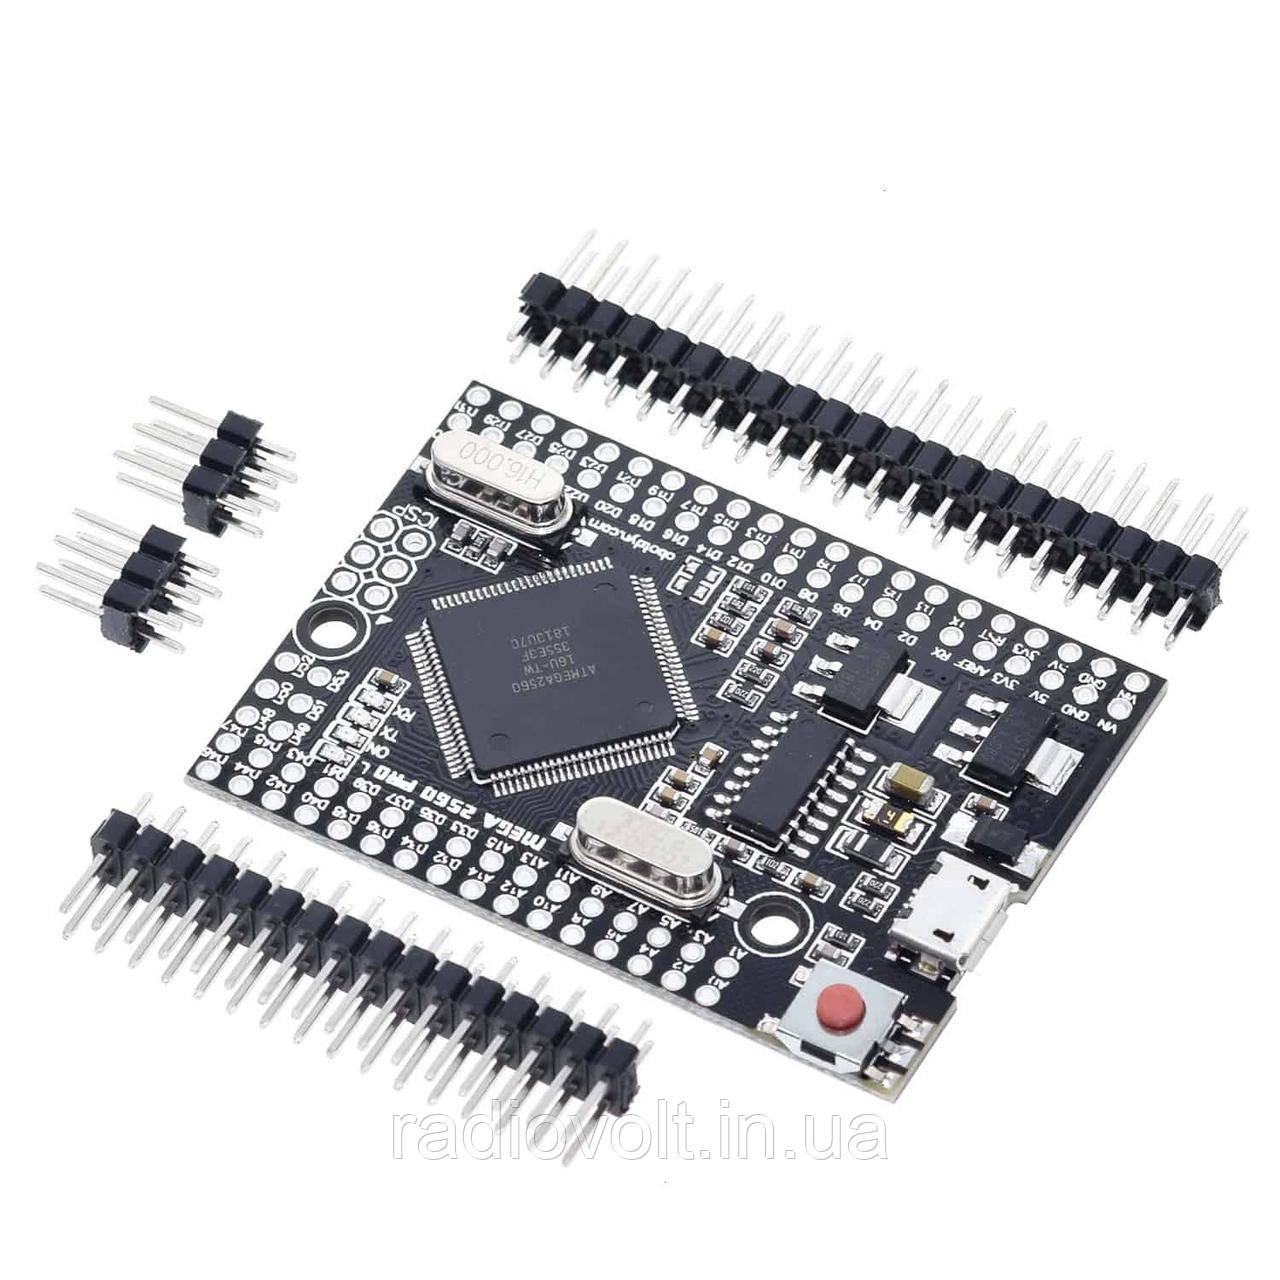 Arduino Mega 2560 PRO, ATmega2560-16AU, MicroUSB CH340G
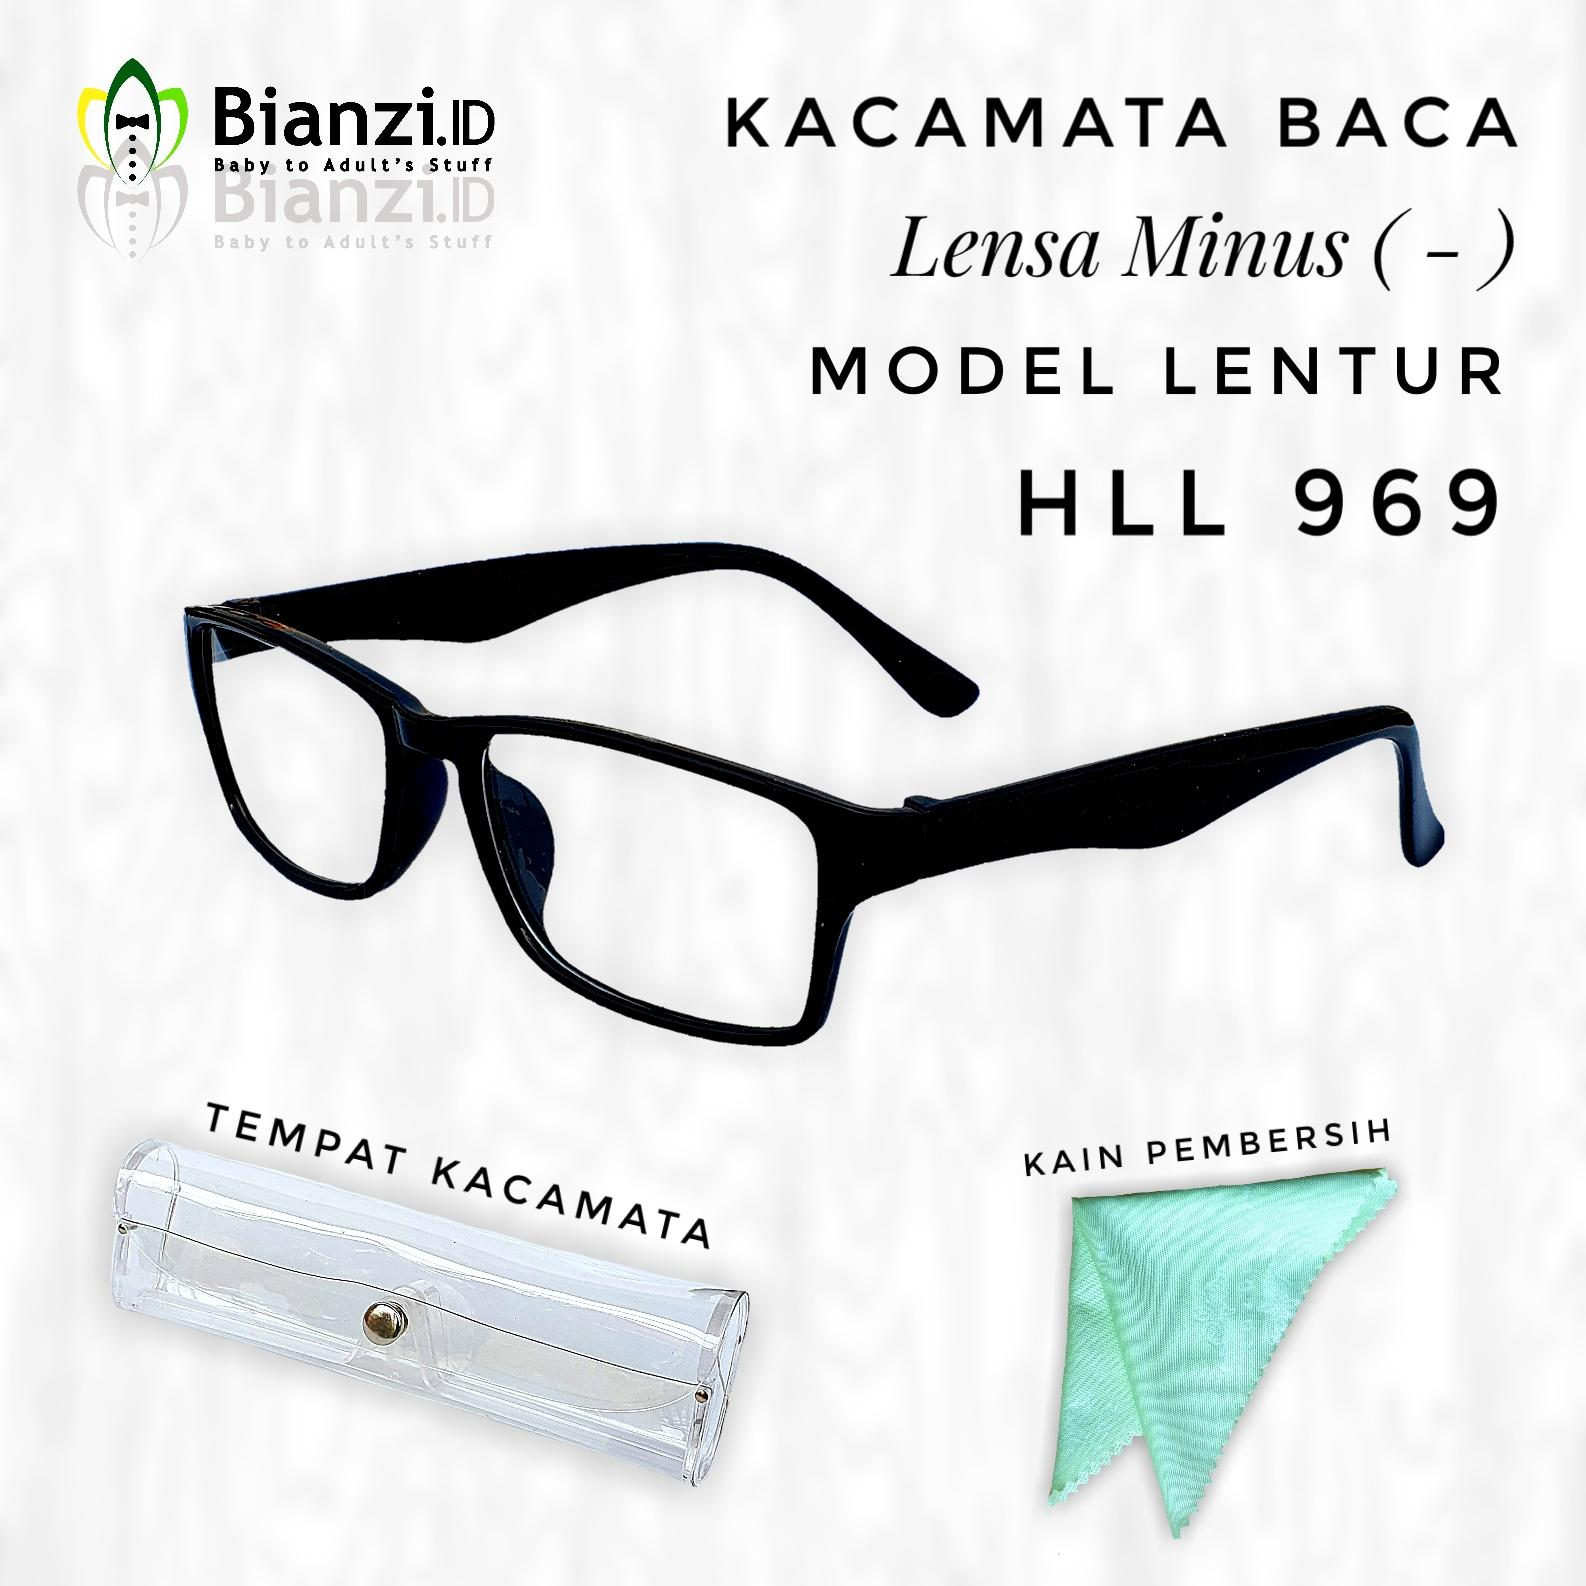 Kacamata Baca Minus ( - ) Model Kotak HLL969  08ff8fd402
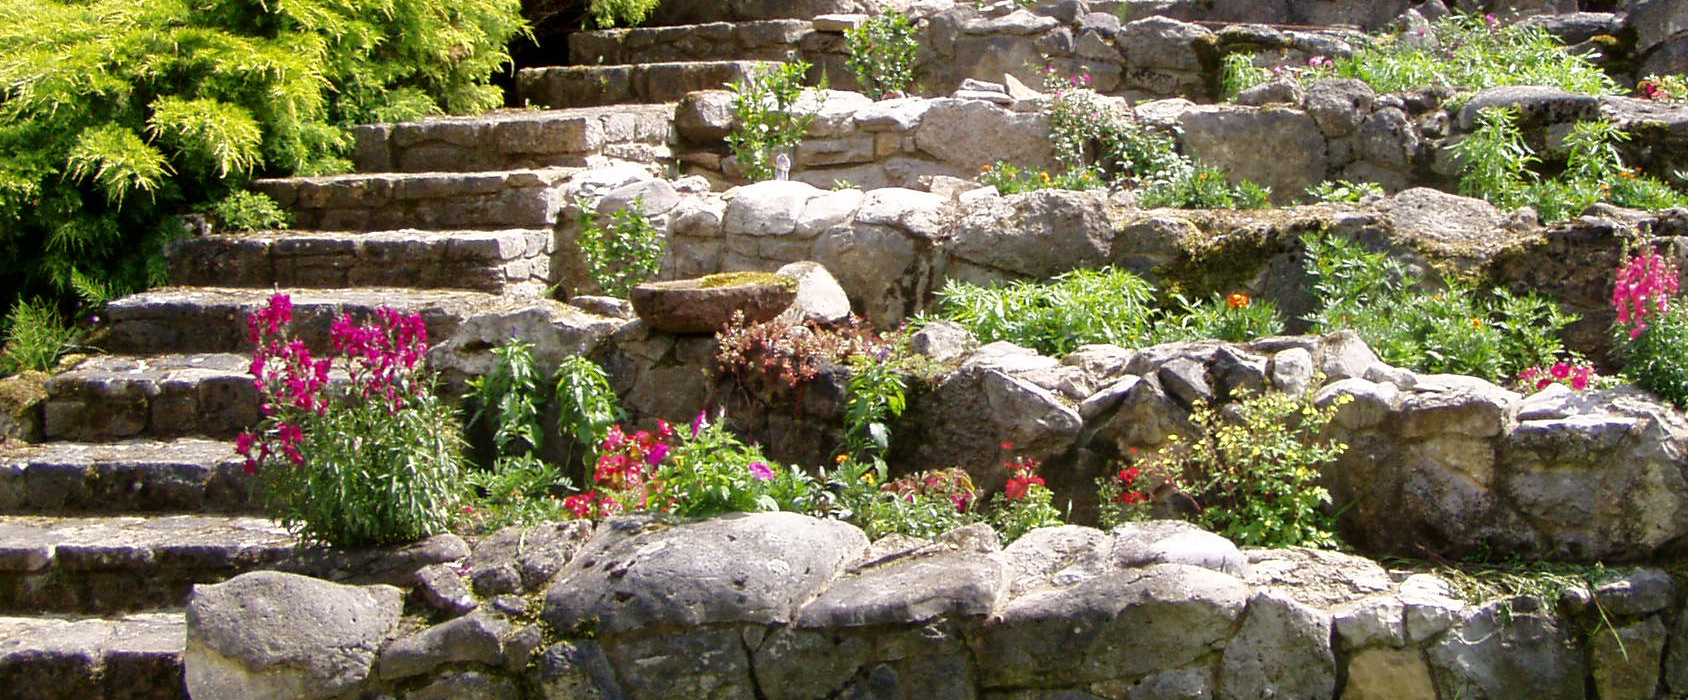 Ideen Gestaltung Steingarten Hang: Steingartengestaltung
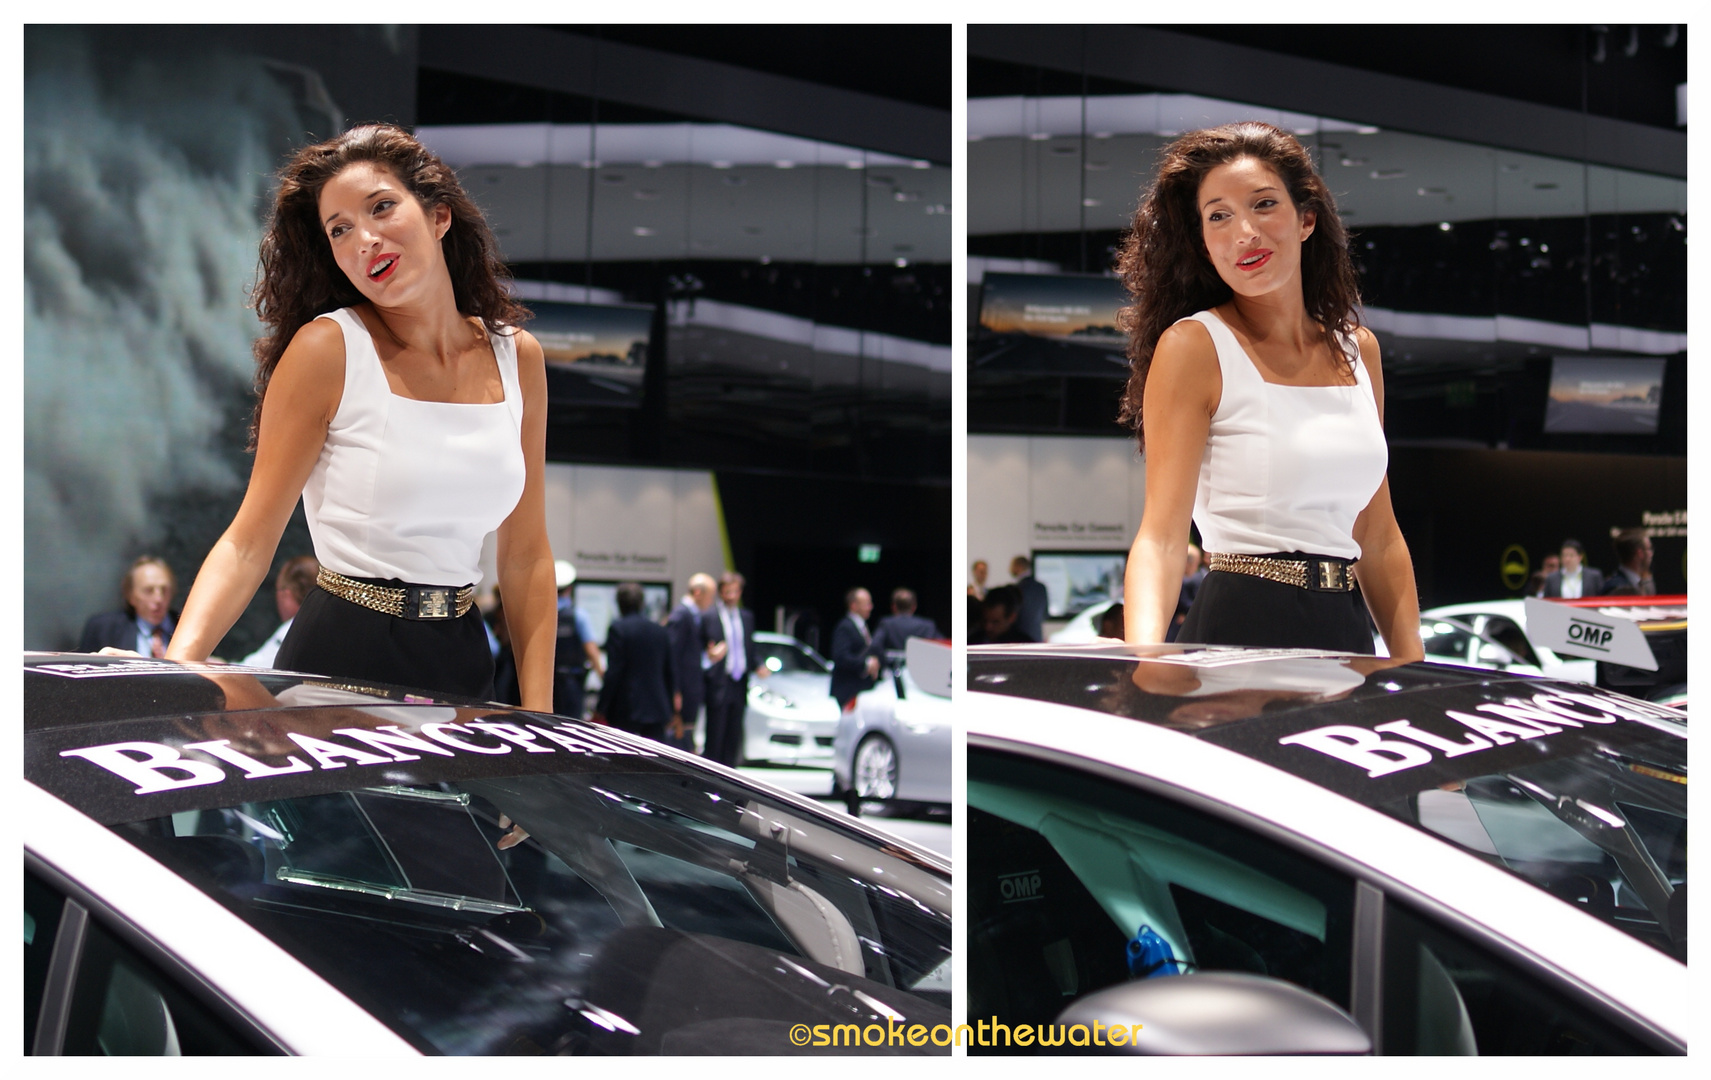 bella macchina, bella donna

What you are asked to do: Please repeat the data above exactly as it appears, pictures excluded.

Solved problem:
 Arduino Mega 2560 PRO, ATmega2560-16AU, MicroUSB CH340G
 Kacamata Baca Minus ( - ) Model Kotak HLL969  08ff8fd402
 Ideen Gestaltung Steingarten Hang: Steingartengestaltung
 bella macchina, bella donna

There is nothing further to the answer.